Evidential (information source marker) systems in language belong to semantic categories that rely on epistemological notions: their distinctions express whether some information was personally witnessed, inferred from partial cues, or merely learned from an indirect source (eg. reading the news), and (occasionally) other kinds of sources. Interestingly, the most common tendency in languages with evidentials is to mark reported source, and leave other sources unmarked, and this might be due to an informative communicative intention to flag more unreliable sources (Saratsli & Papafragou, 2023).
For example, if I read in the news that someone tried to assassinate Trump once again, and then later share this information with a friend using the word “allegedly” to preface my statement, it is because I represent not only the information itself, but also how I came to learn about it.
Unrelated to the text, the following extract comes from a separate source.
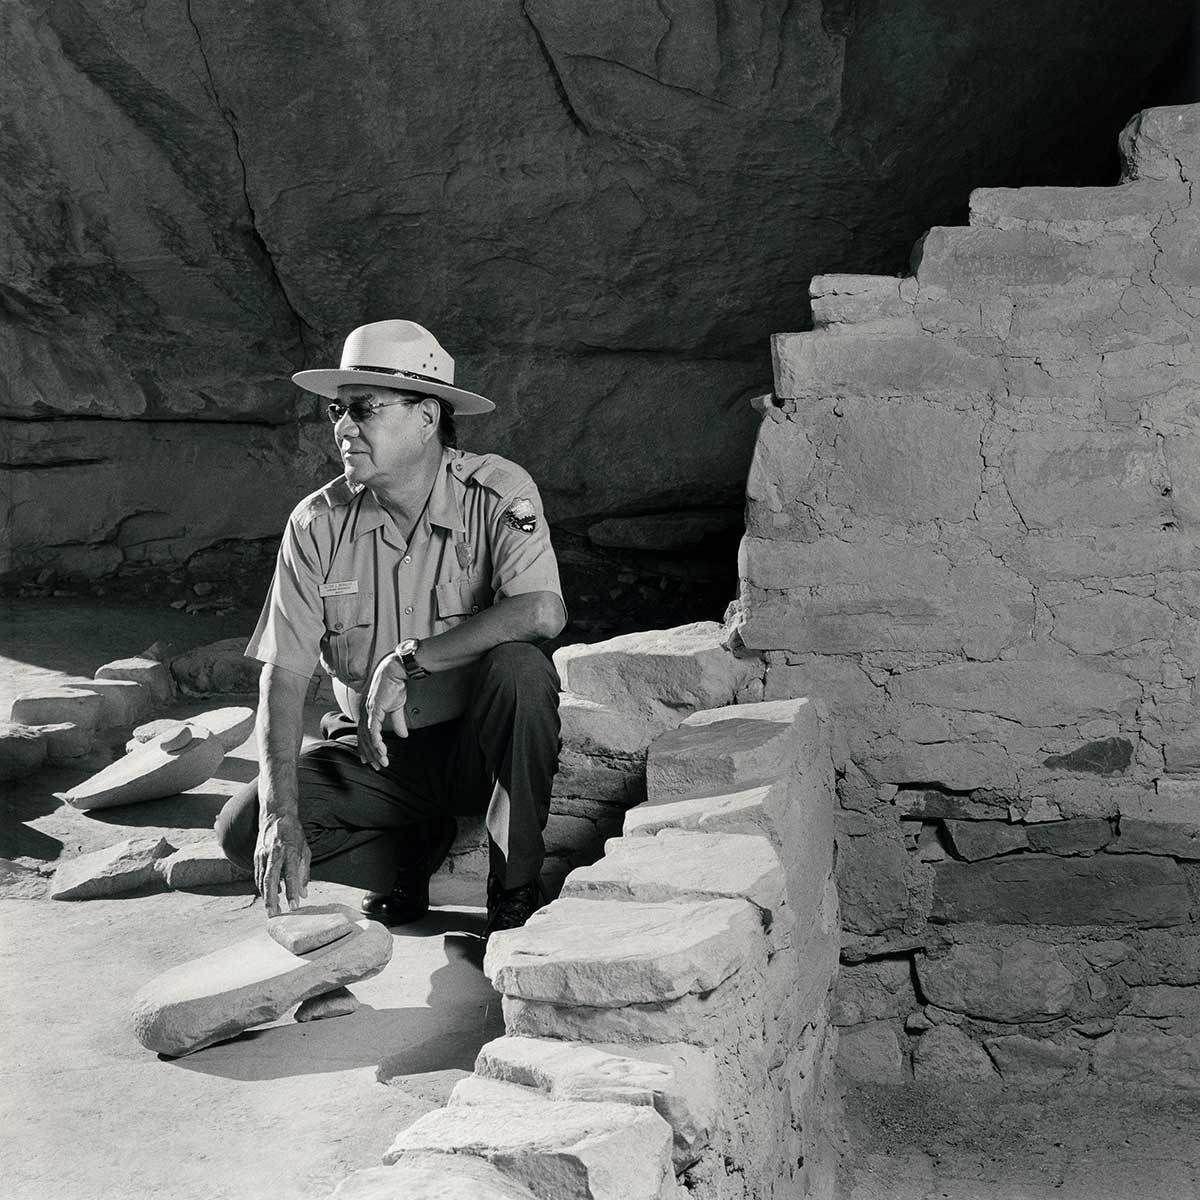 Clyde Benally, Park Ranger
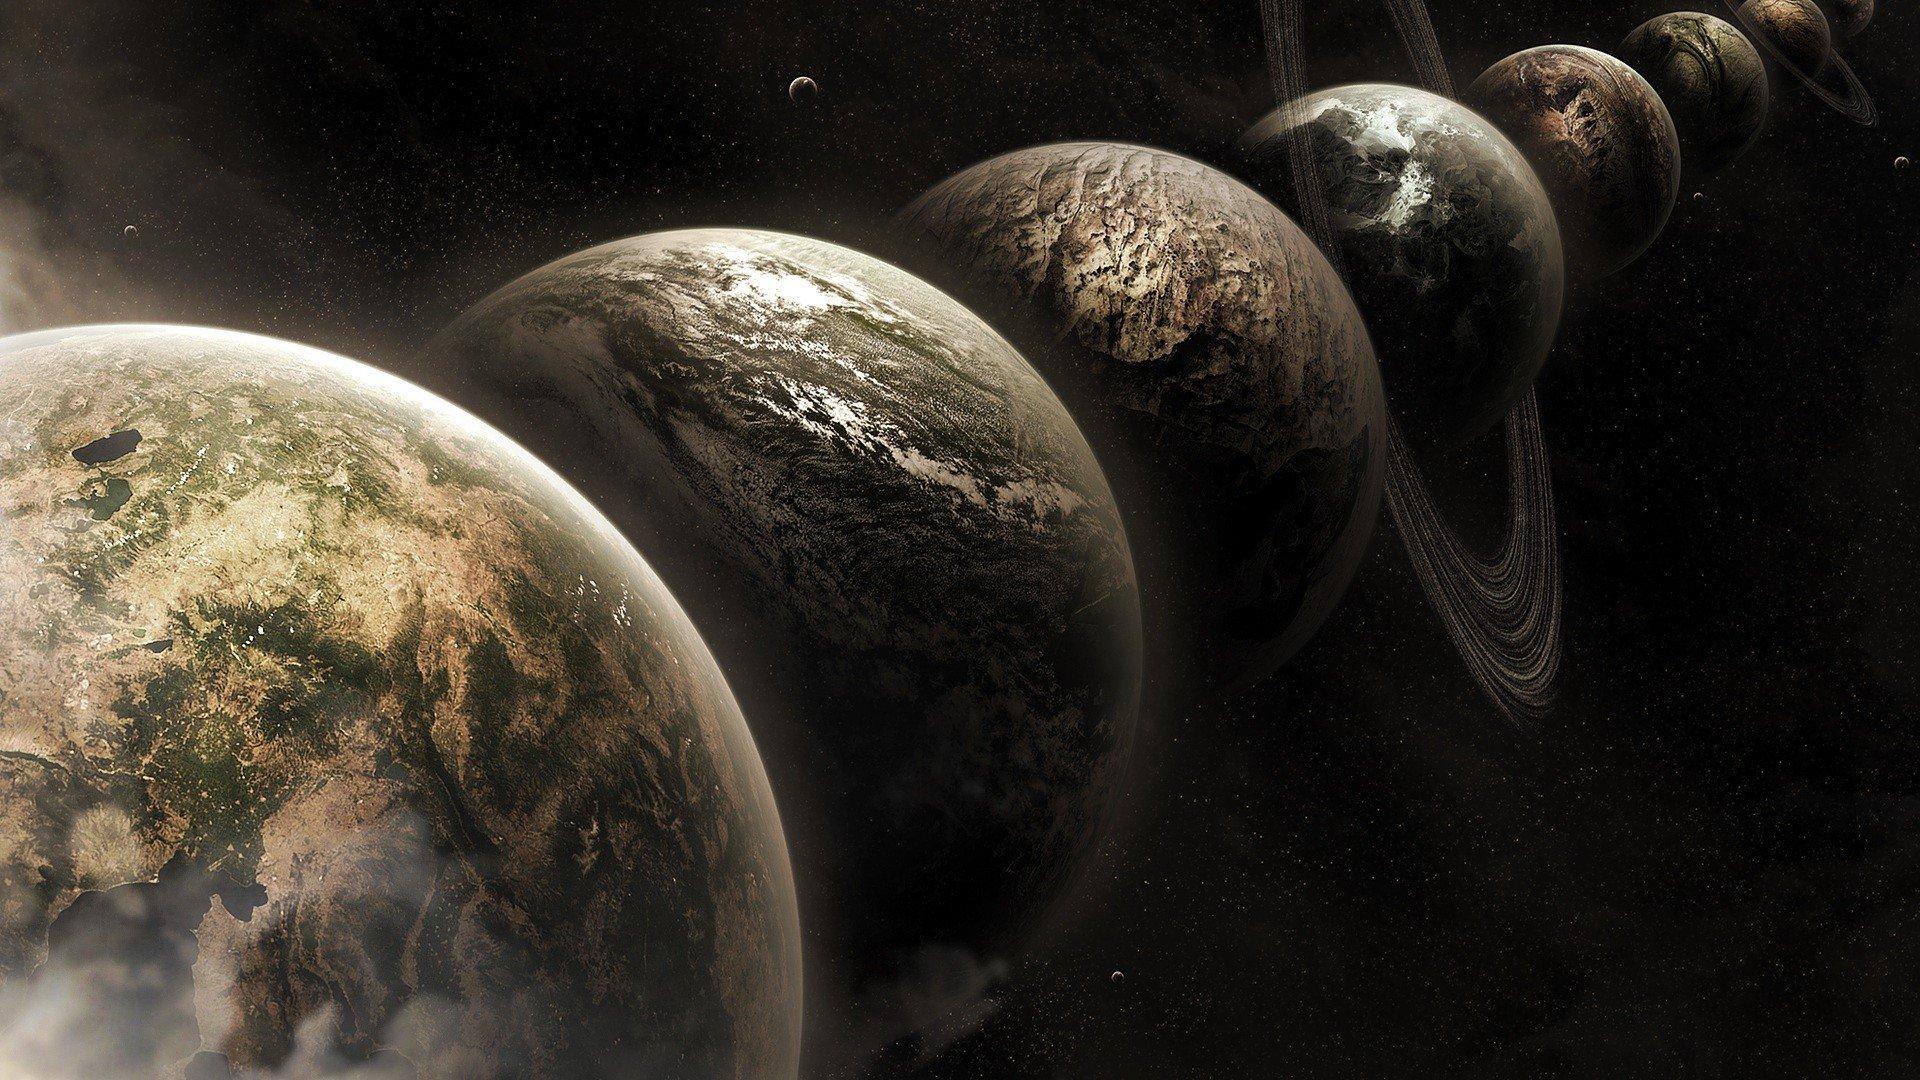 путешествие по вселенной хочу вам

Additionally, the reason for my adding this word might be an intention to flag the somewhat unreliable (indirect) source of the shared information. Then, for my friend to understand my meaning, their decoding also needs to rely on metarepresentation, and a third-order metarepresentation this time: they need to represent not only the event involving Trump and how I learned about it, but also that it is me representing all this – after all, I could be mistaken for some reason (maybe I read it on an untrustworthy news portal), or my friend might have some other reason not to trust me (Sperber et al, 2010). Consequently, how evidential concepts are shared and understood largely depends on these pragmatic (communicative) dynamics that may well be rooted in our ability to form metarepresentations (Leslie, 1987).
Thus, relying on this theory has the potential to inform the essential aspects of my research related to how evidential systems are used, learned and understood in communicative context.
Leslie, A. M. (1987). Pretense and representation: The origins of “theory of mind.” Psychological Review, 94, 412–26.
Saratsli, D. and Papafragou, A. (2023) ‘Pragmatic effects on semantic learnability: Insights from evidentiality’, Journal of Memory and Language, 131, p. 104426.
Sperber, D. et al. (2010) ‘Epistemic vigilance’, Mind & Language, 25(4), pp. 359–393.